I'm an idealist and given to fuss about things that should be (in my opinion). Tilting at windmills? Probably. But to put it in the words of my 15-year-old daughter, "I'm just sayin'... "

Photo by Philippe Ramakers

Monday, August 17, 2009

Biomarker May Predict Success of Hep C Treatment


Thank God for modern medicine and medical research.

From Reuters, August 17, 2009
CHICAGO (Reuters) - A slight difference in a person's genetic code could determine whether they respond to a grueling round of treatment for hepatitis C infection or not, U.S. researchers said on Sunday.

Tests looking for that deviation could be used to help decide which patients are most likely to benefit, they said. The finding may also explain why some racial and ethnic groups fare more poorly on standard treatments than others...

"If you look at individuals with the good response genotype, about 80 percent of them will be cured. If you look at individuals with the poor-response genotype, about 30 percent of them will be cured," [said genetics researcher David Goldstein of Duke University, who led the study]. "That is just a huge, huge difference."

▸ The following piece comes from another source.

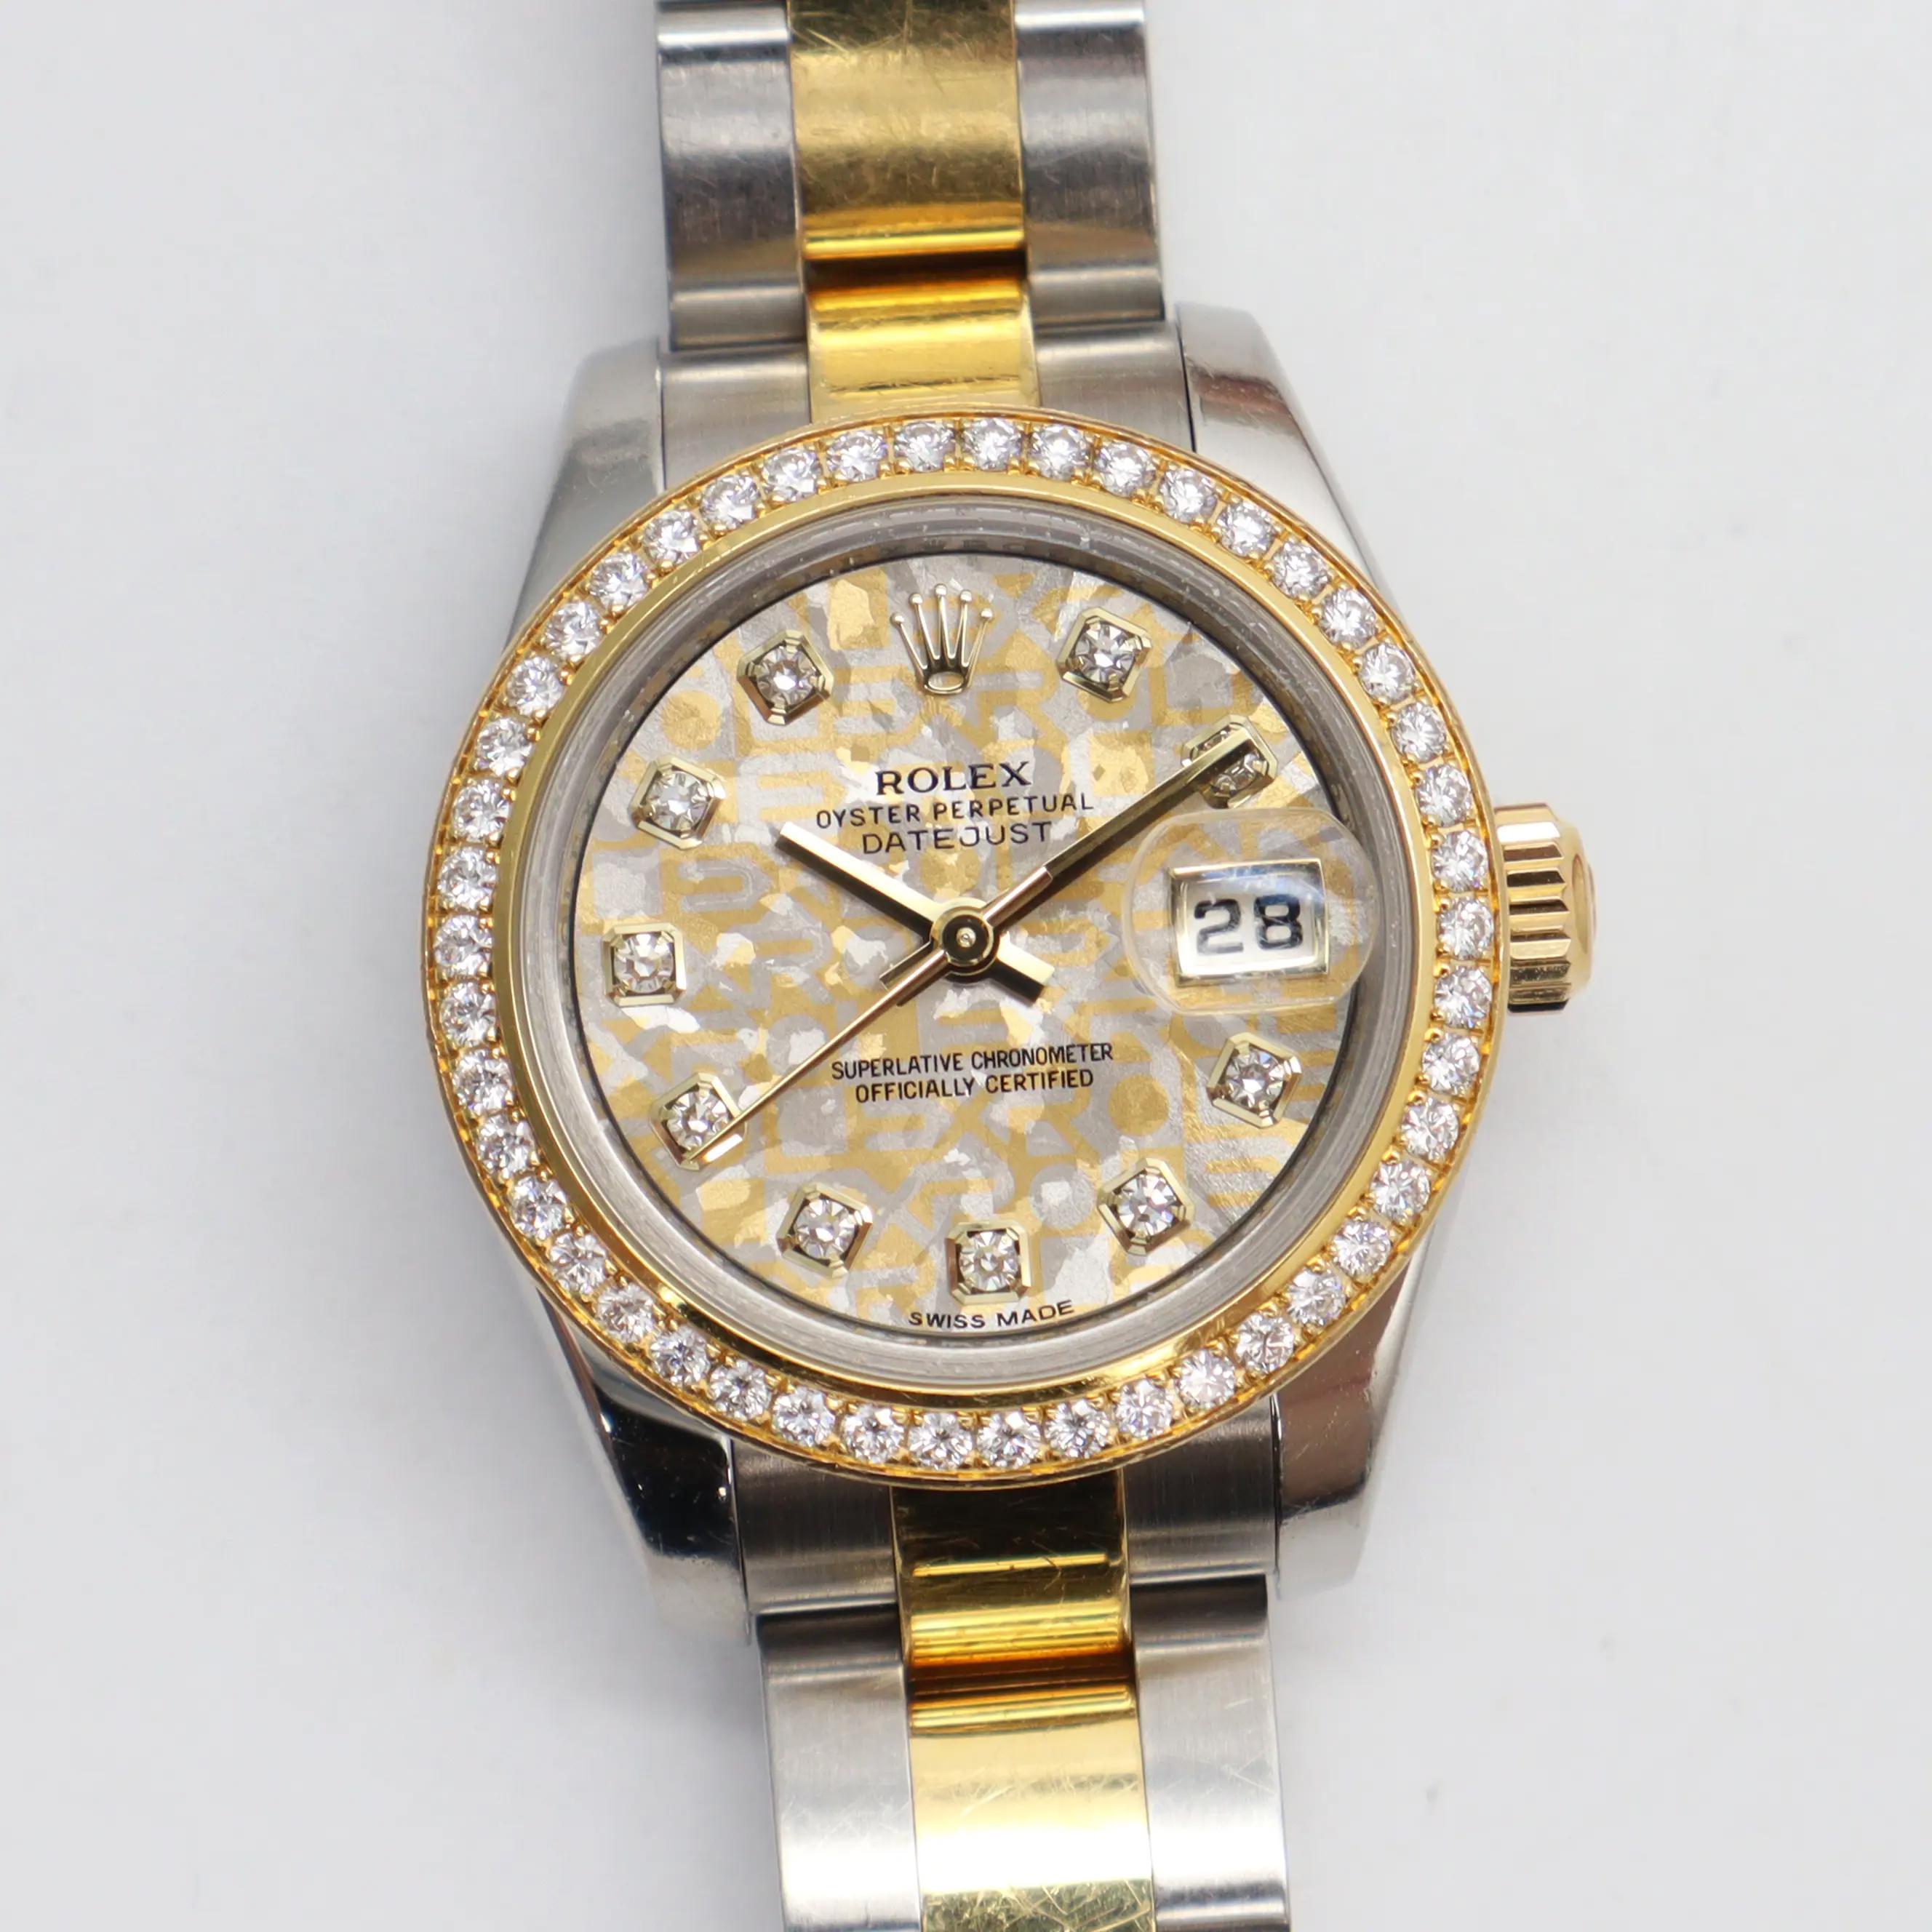 Rare Rolex Lady-Datejust 26 18k Gold Steel Crystal Flake Diamond Dial 179383 For Sale 4
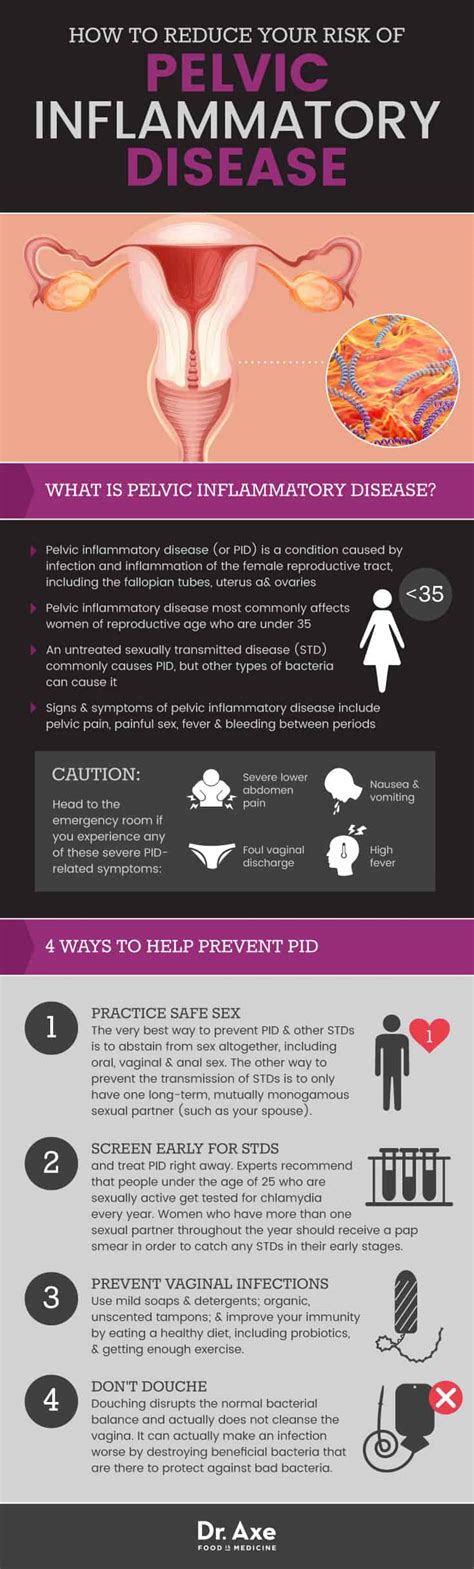 Pelvic Inflammatory Disease Prevention And Symptom Relief Dr Axe

[The study] was funded by Schering-Plough, maker of one of two standard hepatitis C regimens -- a combination of Pegintron and the antiviral ribavirin.
Great research like this leaves pragmatic me with questions about the practical application of these findings - Will patients be screened for this biomarker prior to treatment? How much will the screening cost and when will it become a standard part of the process?

What do you think?

Saturday, August 8, 2009

About My Extended Break...

When I last posted on this blog, well over a month ago, I thought I was ready to resume blogging after a little break. I was wrong. And I disappeared again.

Let me tell you what has been happening...

It's taken me longer to shake the blues and recharge my batteries, so to speak. My latest bout of liver mysteries, which started at the beginning of the year, had become too stressful and I wasn't finding answers to my questions. I called my transplant coordinator in tears, having failed to lose weight and exercise as I had been directed, and begged off blood work until I could pull myself together.

So I've enjoyed a few months without tests or questions or even blogging, and ignorance has been bliss. I describe this as my "vacation from being sick" and it has been wonderful. I visited New York City with my daughter, traveled to Michigan to attend a wedding and went on several college visits with my son, who starts his senior year of high school in a few weeks. I rested, did some long-overdue home decorating and filed several years' worth of papers.

And now it's time to be a liver transplant patient with Hep C again. I have enough reserved energy to be a bit hopeful and have had enough distance to view the process with a bit of perspective. Most of all, I'm ready to resume blogging. My resolve to share my experience with others on this path has never wavered; now it's time to sit at my keyboard and resume this work.